Amschel smiled. “It has even been known to revive men thought dead. But I see you have changed your occupation from that of laboratory assistant to that of soldier. Are you no longer seeking the Stone? What did you do with the book I gave you?”

“I left it in the Aegis, Master Amschel. After what happened I decided its information was too dangerous.”

“I see.” Amschel seemed to reflect. “The Stone can make you proof against the Kerek Power—have you not considered that? It could be important, in the times that lie ahead.”

“But we are already holding our own against the Kerek!” Rachad boasted. “The tide has turned—Zhorga says we will have driven them out of Maralia altogether in a few years.”

Amschel smiled. “Perhaps—but for how long? This is only one of the Kerek’s present theaters of conquest. If they fail with Maralia they will simply, in a few years, transfer even greater forces from elsewhere.”
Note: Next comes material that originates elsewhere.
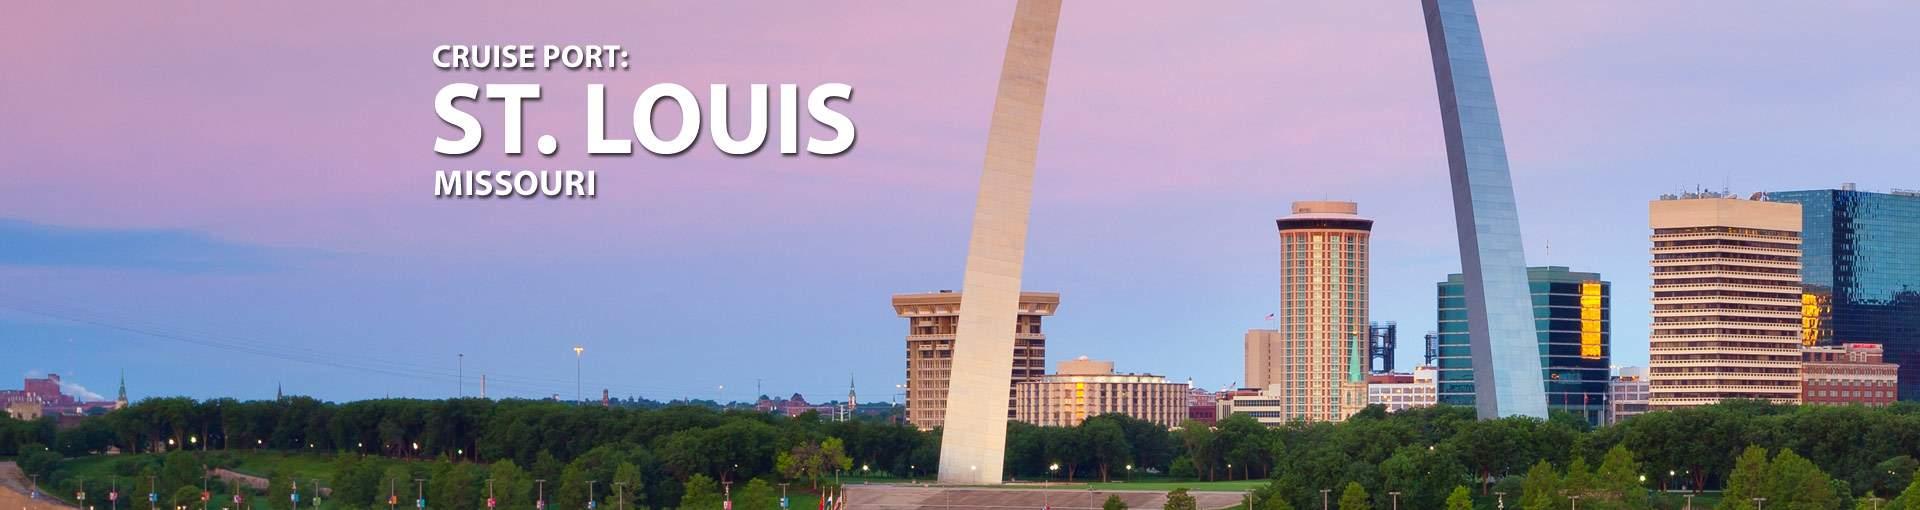 Cruise Port: St. Louis, Missouri

“Perhaps we will have greater forces by then,” Rachad said defiantly.

Amschel nodded. “Well, I must be on my way. Rest now. I think you may feel much better in a day or two.”
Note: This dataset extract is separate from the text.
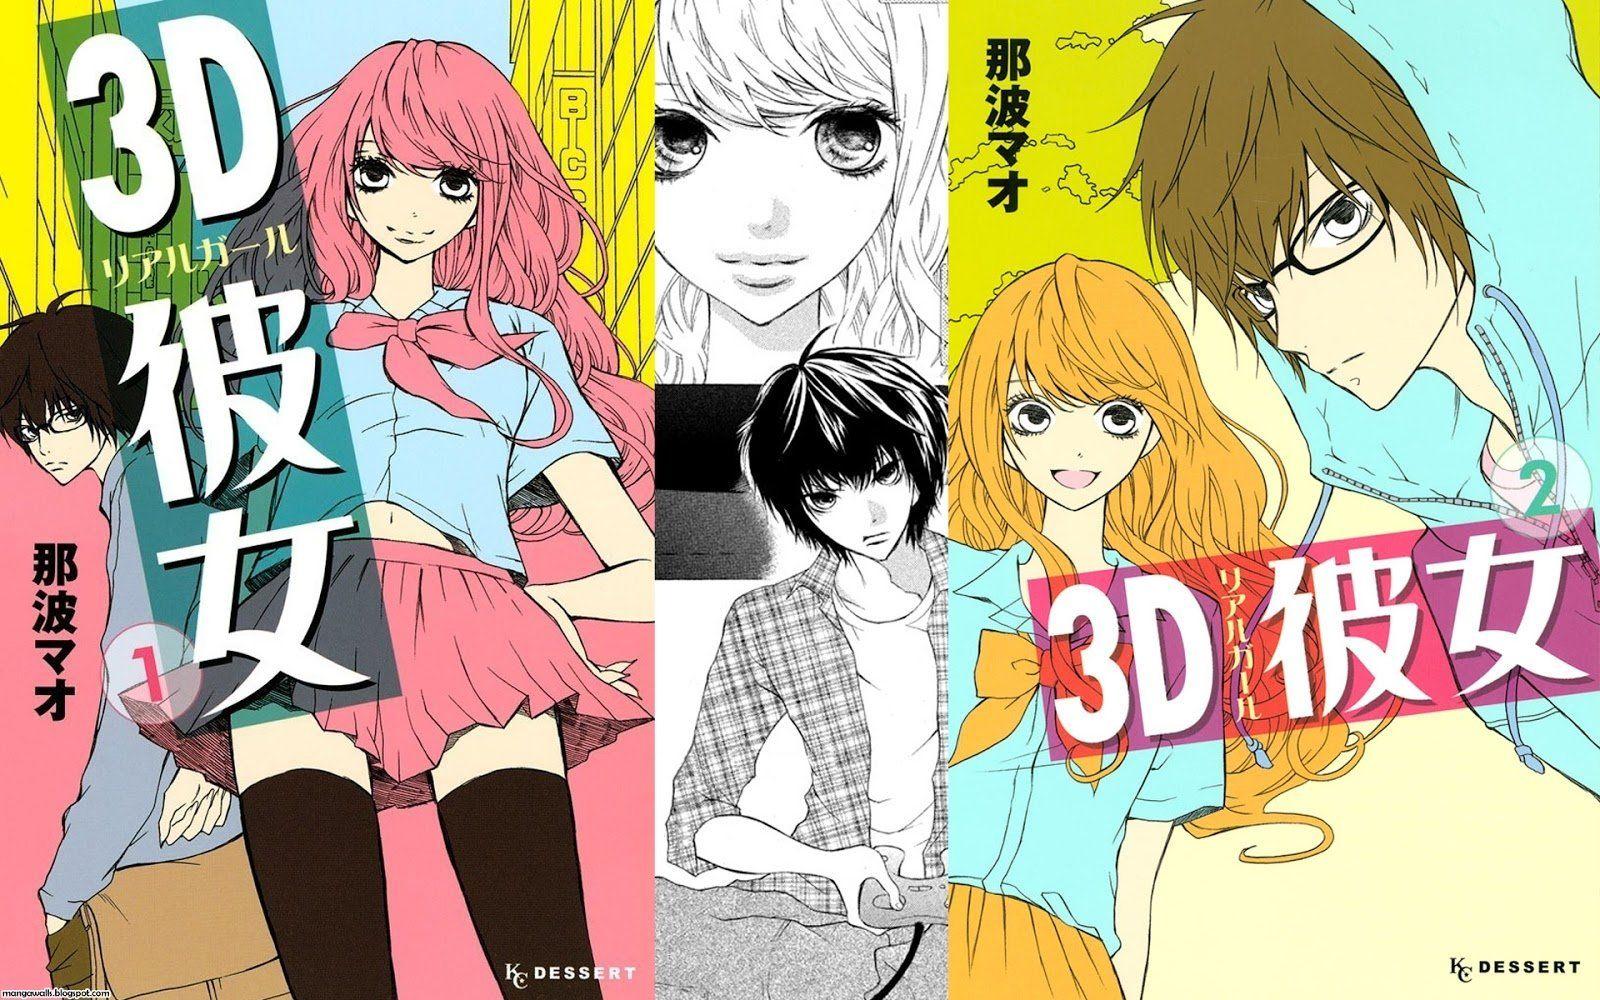 Anime 3d Kanojo Real Girl Iroha Igarashi Hikari Tsutsui Wallpaper

“Wait!” called Rachad as he saw Amschel disappearing over the lip of the dugout. He struggled up and, holding his middle with one arm, crawled up after him—an exercise that only minutes before he would have found impossible.

Ahead, he saw the dismal landscape that covered most of the planet: great flat mist-covered marshes, interspersed with hillocks and ridges of firmer ground, out of which grew drooping violet trees.

Amschel’s stooped figure was picking its way along one of these ridges. It was then that the Kerek sally came, as it did every hour or so. This time it was not a flock of flying sickles or disks, but a brief barrage of bombard shot. Rachad uttered a loud cry, the exertion tearing painfully at his stitches, as a ball exploded near the alchemist.

Even from where he lay, he could see that Amschel was practically ripped apart. Like a rag doll the alchemist’s body, whether living or dead, was flung off the causeway-like ridge. Rachad crawled toward the spot, careless of any hurt to himself now, but already Amschel’s remains were sinking into the wet bog, disappearing with a slurping, gurgling sound while Rachad looked on with horror.

He closed his eyes, overcome with nausea. War, he thought. This was what war meant.